Data below:
++++++++++++++++++++
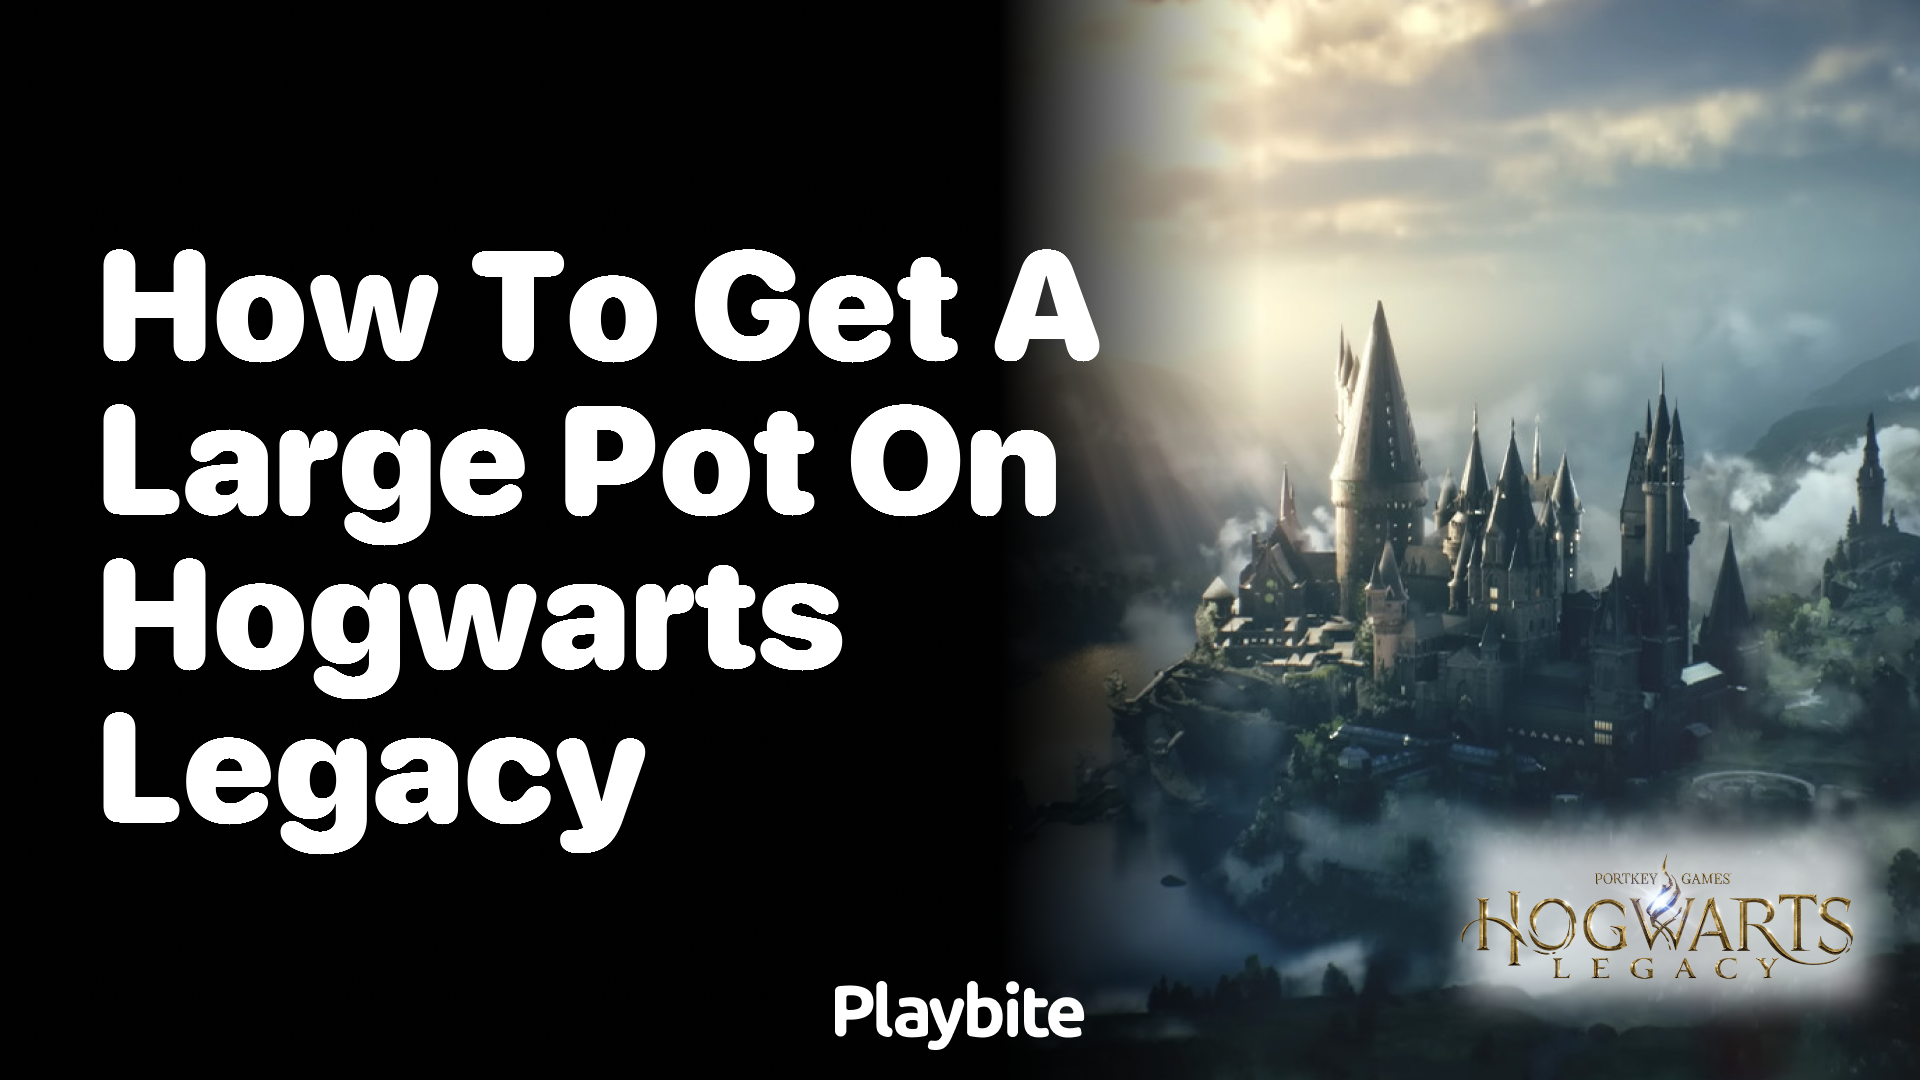 How to Get a Large Pot on Hogwarts Legacy
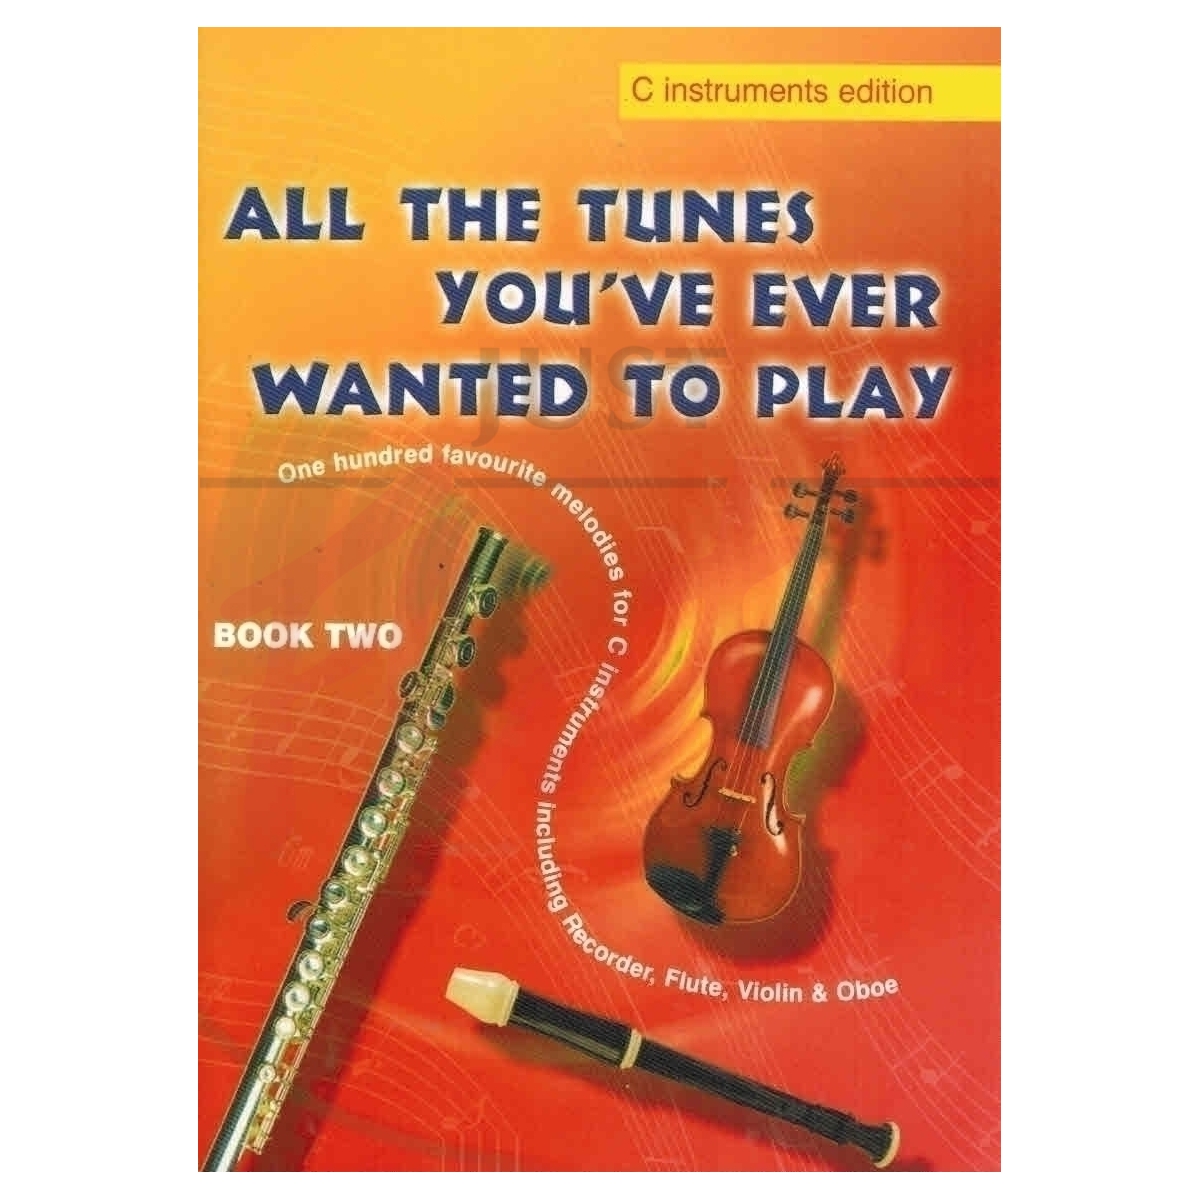 All the Tunes You've Ever Wanted to Play Book 2 [C Instruments]
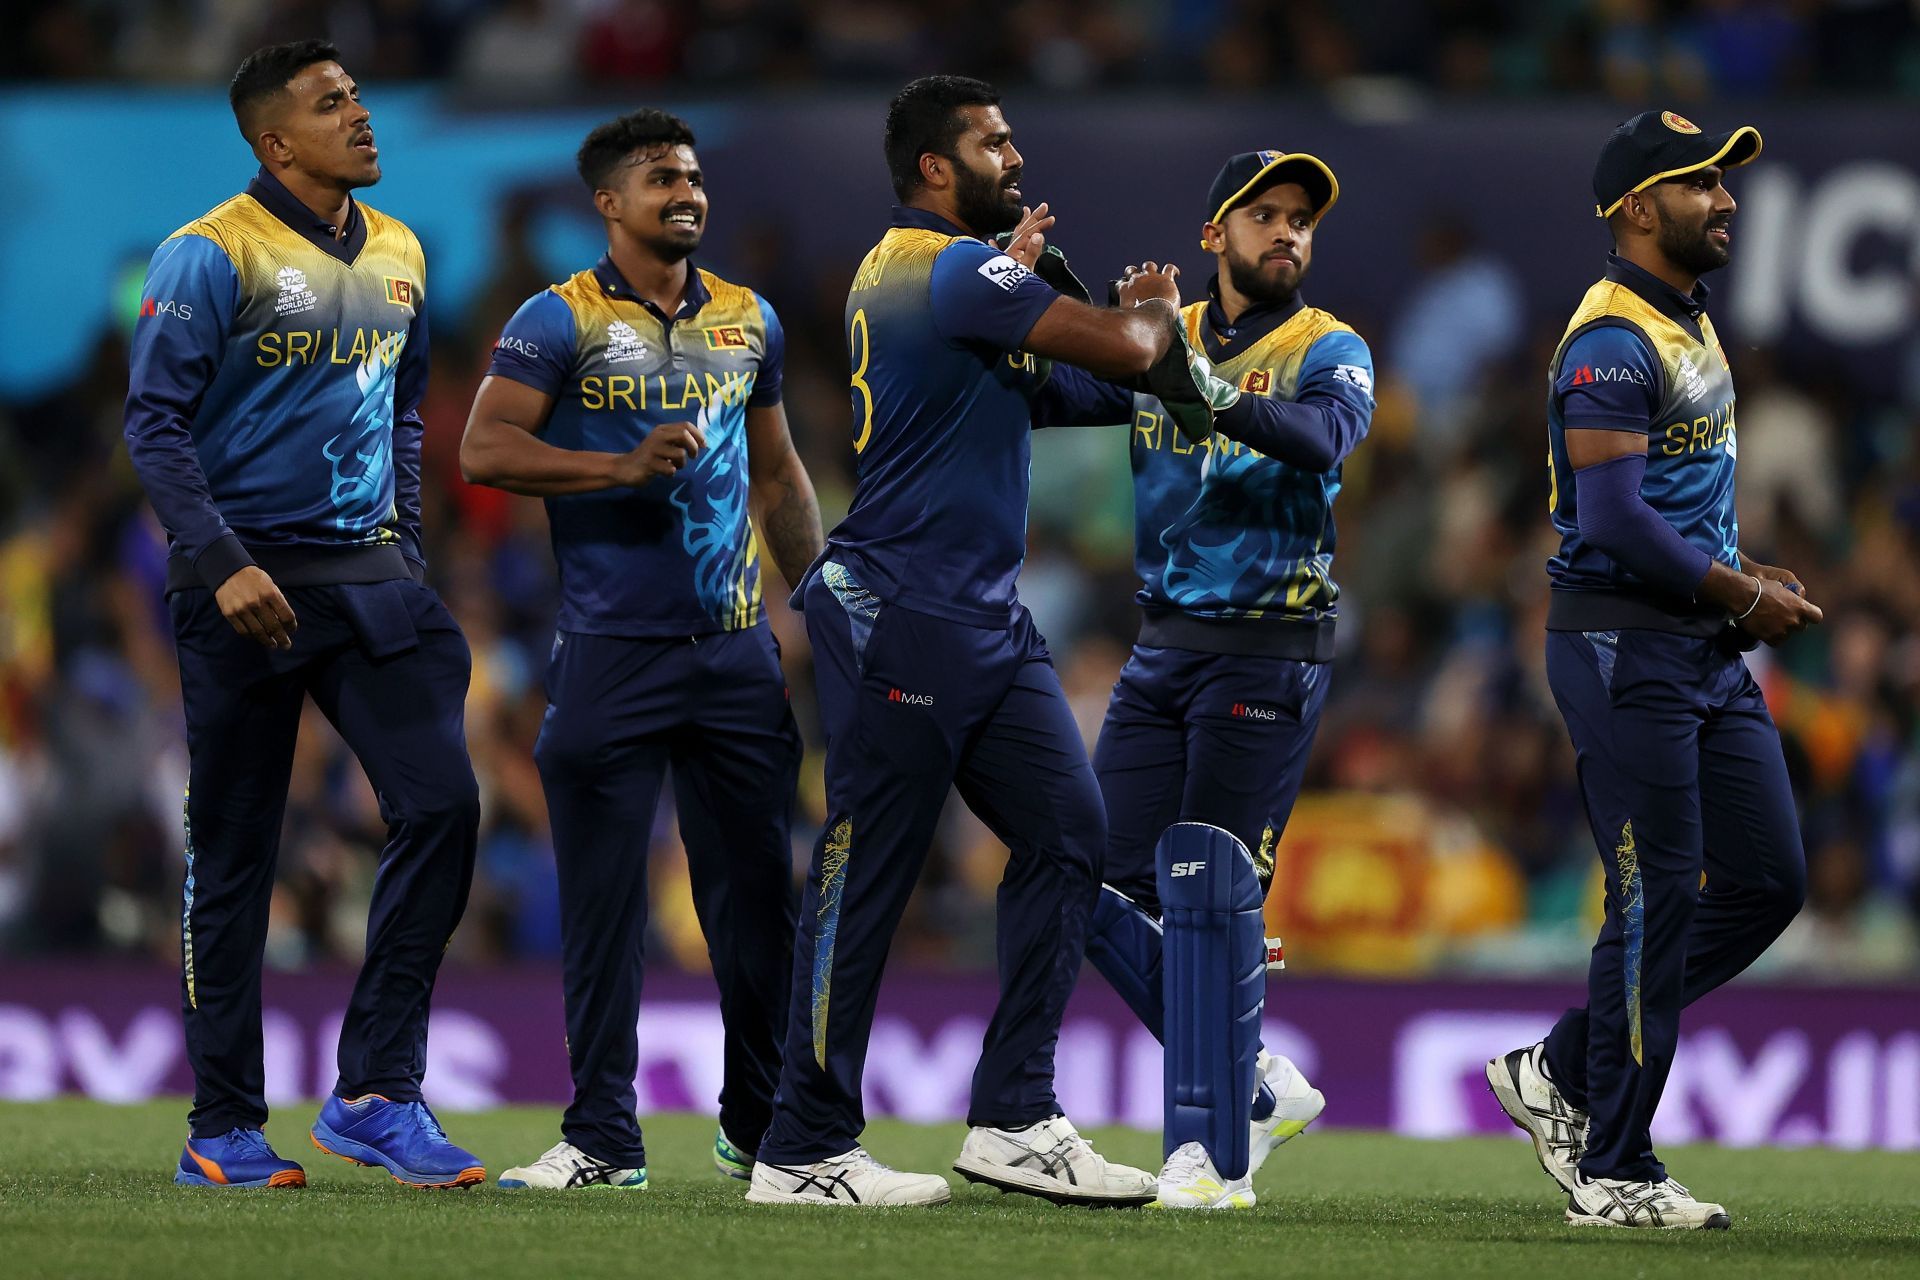 Sri Lanka will miss the services of some veteran players
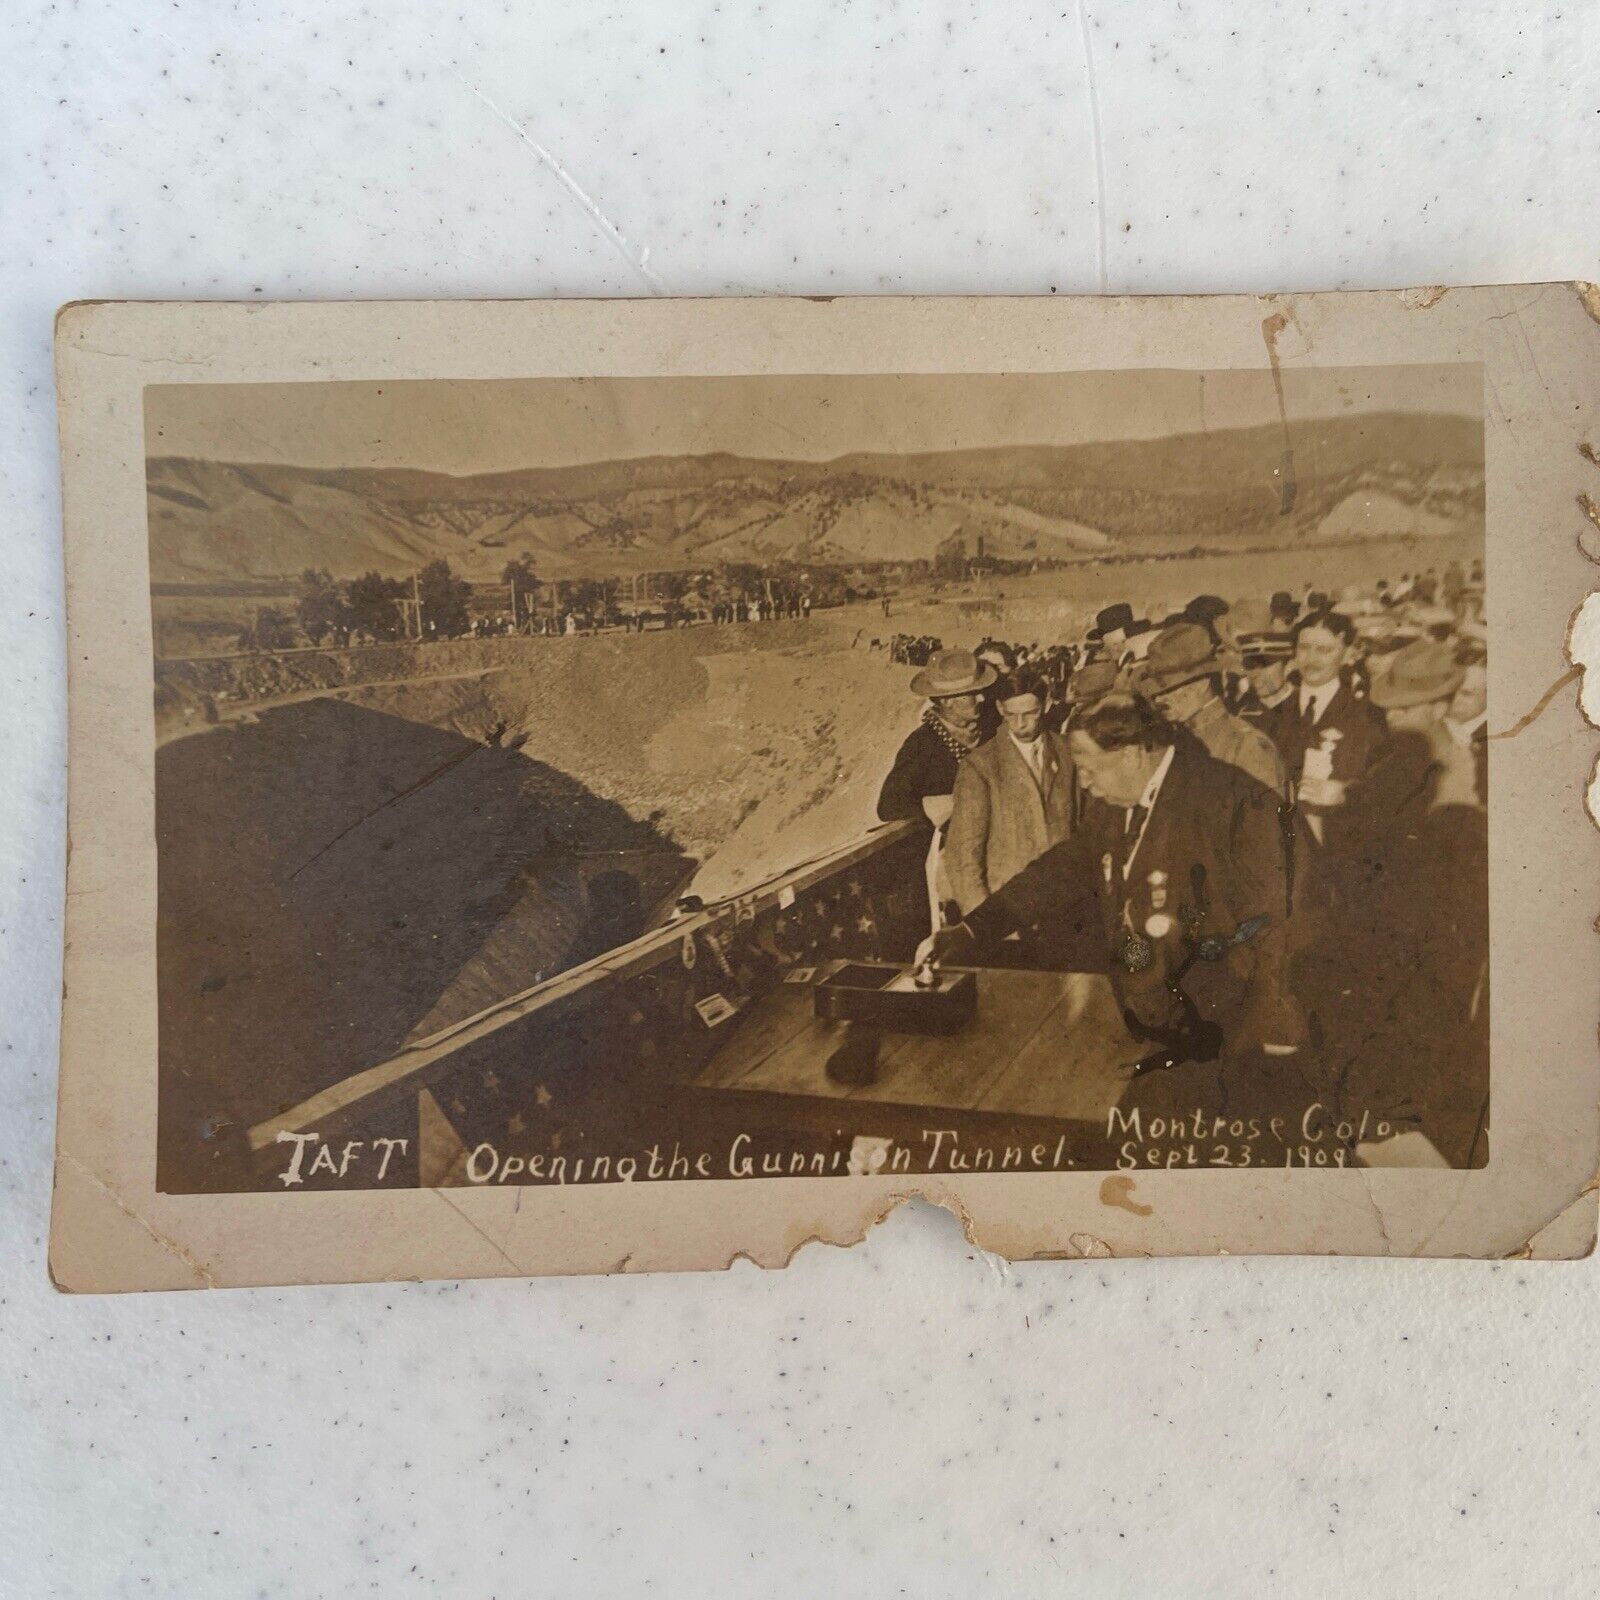 1909 Real Photo Postcard Of President Taft Opening The Gunnison Tunnel in Colo.
++++++++++++++++++++
Begin at the line containing "Sri Lanka will" and write out every line to the end of the data exactly. Skip the pictures.

 Sri Lanka will miss the services of some veteran players
 1909 Real Photo Postcard Of President Taft Opening The Gunnison Tunnel in Colo.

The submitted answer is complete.